Our goal is to determine the minimum possible score of a path between city 1 and city n. A few rules apply to paths:

  • A path is simply a sequence of roads connecting two cities; it may pass through intermediate cities.
  • It is permissible for a path to include the same road more than once, if necessary.
  • You can go through cities 1 and n multiple times to find the path with the optimal score.
  • There is at least one path between city 1 and city n in all test cases.

Ultimately, we want to compute the highest "weakest" road in the best path from city 1 to city n.


To solve this problem, we can utilize Depth-First Search (DFS) to explore all possible paths from city 1 to city n. As we perform DFS, we track the minimum distance encountered along the current path. Before starting DFS, we initialize the answer ans with a value representing infinity (inf), because we will be minimizing this score as we go along.

To apply DFS, we first create a defaultdict of lists called g, which will be our graph where the keys are city numbers and the values are lists of tuples representing connected cities alongside the respective distances. We also create a list vis of boolean values, initialized to False, that keeps track of the cities that have been visited to prevent revisiting them in the current path exploration.

Our DFS process named dfs() takes a city i as an argument and iterates through all of its connections. For each adjacent city j with distance d to city i, we minimize ans with d to find the smallest distance seen so far along this path segment.

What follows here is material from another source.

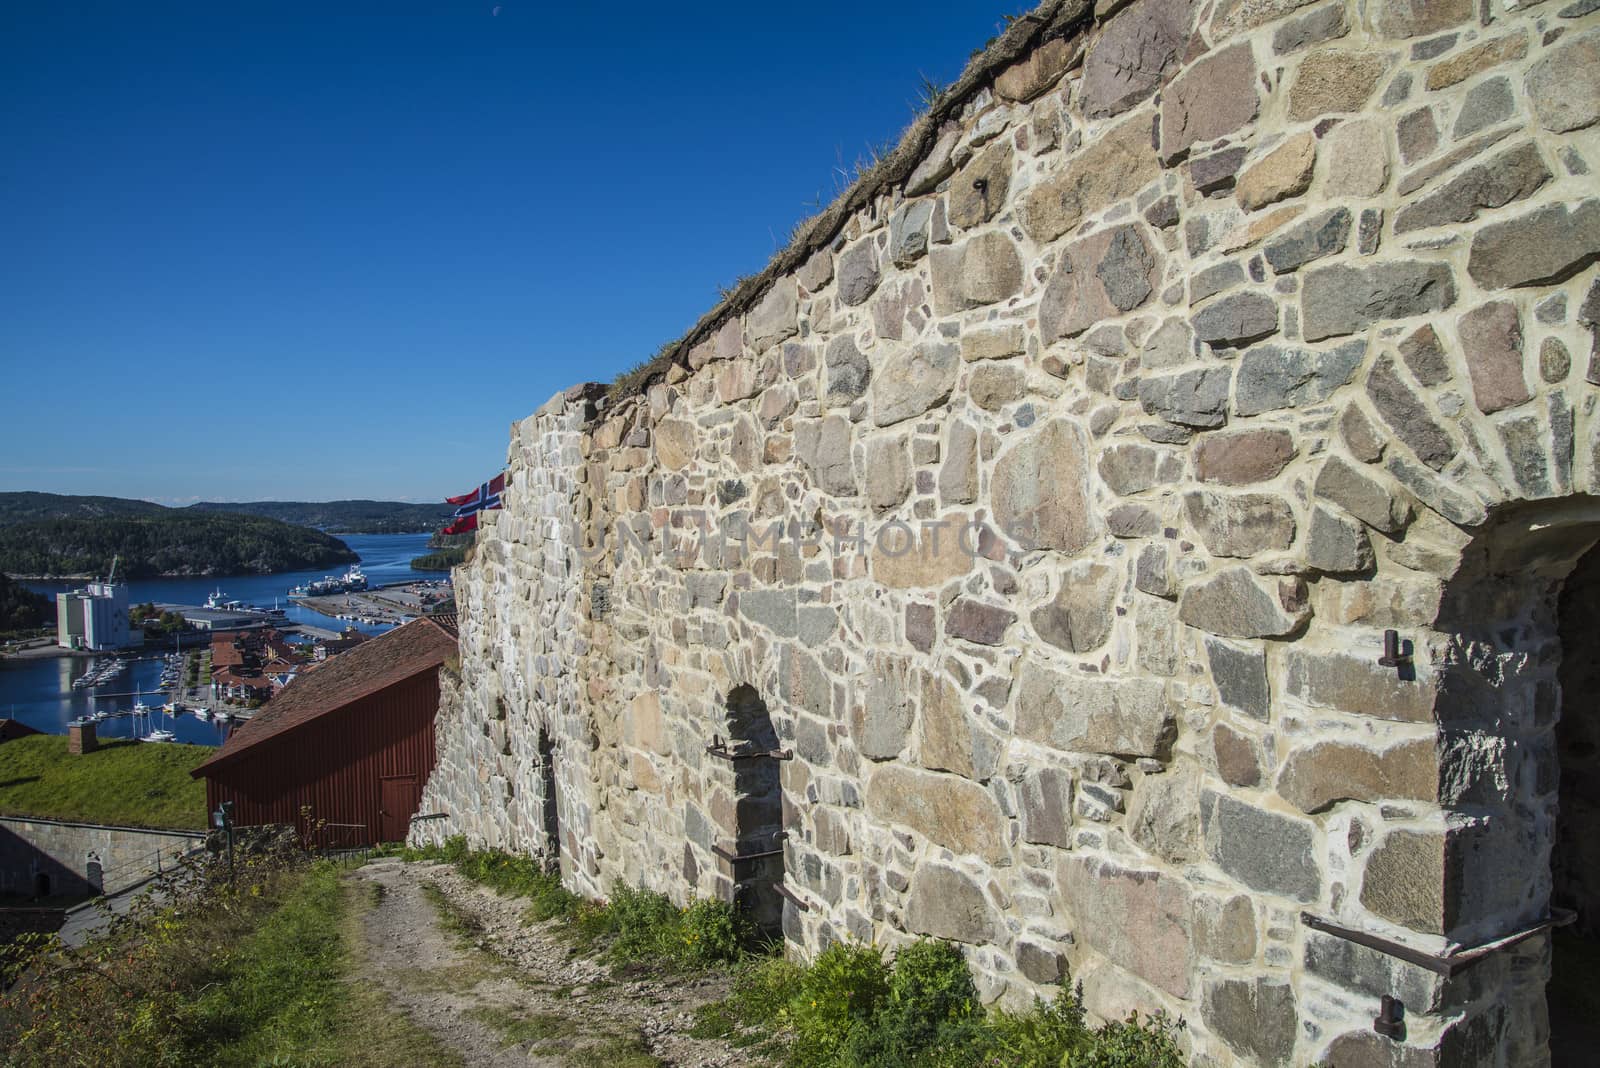 The image is shot in September 2013 at Fredriksten Fortress in Halden, Noway and shows the Large powderhouses and Northern curtain wall that protects the Citadel to the west and connects Queen's bastion with Prince Chritians bastion, the curtain wall was completed in 1668

We also mark j as visited and perform DFS from j. The process recursively continues until we have exhausted all possible paths.

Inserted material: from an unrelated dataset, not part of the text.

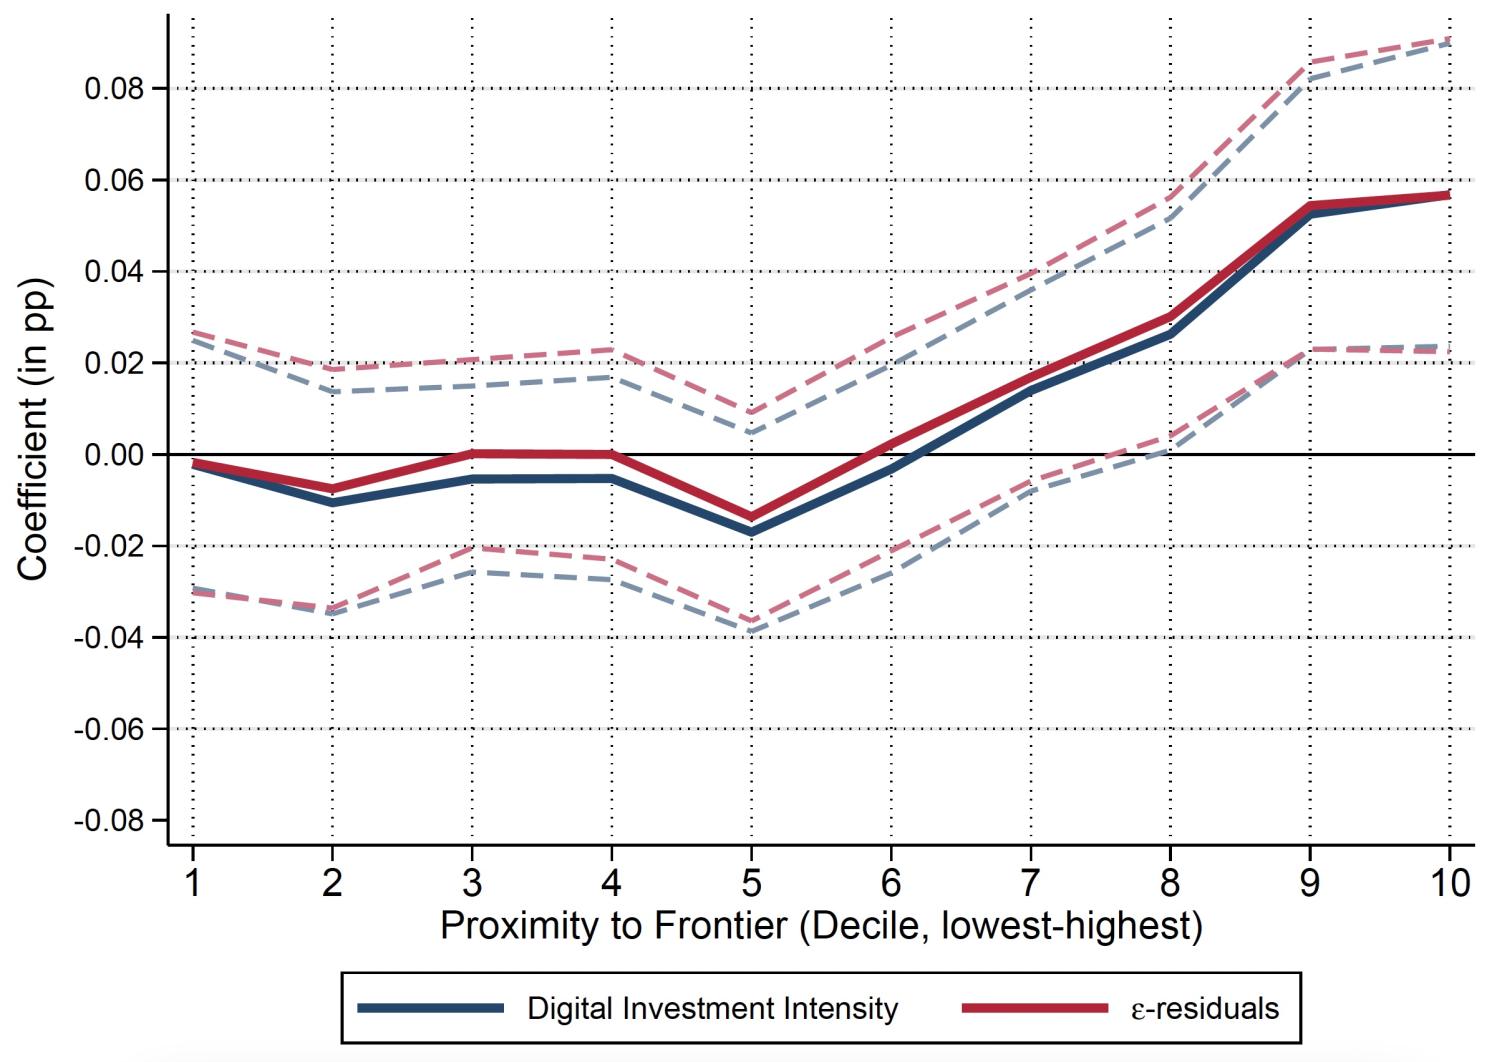 Figure 2 Marginal impact of digitalisation on laggards’ TFP growth by proximity to the frontier

After initializing our data structures, we simply call dfs(1) to start from the first city and allow the DFS to explore paths until city n. Once DFS is done, the ans variable will hold the minimum score among all paths from city 1 to city n.

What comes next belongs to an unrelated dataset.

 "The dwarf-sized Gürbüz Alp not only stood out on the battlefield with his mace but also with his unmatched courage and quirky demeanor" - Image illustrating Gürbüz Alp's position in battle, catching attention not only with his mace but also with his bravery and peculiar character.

The solution is neat because it elegantly uses DFS to explore the space of paths, and it cleverly updates the minimum score on-the-fly. It relies on the fact that, since the score is the minimum distance along a path, we just need to track the smallest road distance encountered at any point in our DFS exploration.

Learn more about Depth-First Search, Breadth-First Search, Union Find and Graph patterns.

Solution Approach

The implementation of the solution utilizes a Depth-First Search (DFS) algorithm which is a common strategy for exploring all the vertices of a graph. Let us walk through the important points of the implementation:

  1. Graph Representation: A defaultdict of lists is used to represent the graph (g). Each key in the defaultdict represents a city, and the value is a list of tuples. Each tuple consists of a destination city and the distance to that city. This allows us to easily iterate over all neighbors of a city.

  2. Visited Set: A list called vis is created with a size of n + 1, where n is the number of cities. The list is initialized with False to indicate that no city has been visited at the start. This ensures that we do not enter into an infinite loop by revisiting cities during our DFS traversal.

  3. Distance Initialization: A variable ans is initialized with inf (infinity). This variable is used to keep track of the minimum distance encountered on any path between city 1 and city n.

  4. DFS Algorithm: A recursive function dfs(i) is defined, which is responsible for traversing the graph:

    • Inside the DFS function, we iterate over each neighbor j and its associated distance d of the current city i.
    • We update ans with the minimum of its current value and d each time we encounter a smaller distance.
    • If the neighbor j has not yet been visited (vis[j] is False), we mark it as visited by setting vis[j] to True and then recursively call dfs(j) to continue exploring the graph from city j.
  5. Starting the DFS Traversal: We call dfs(1) to begin our DFS traversal from city 1. This will explore different paths to reach city n.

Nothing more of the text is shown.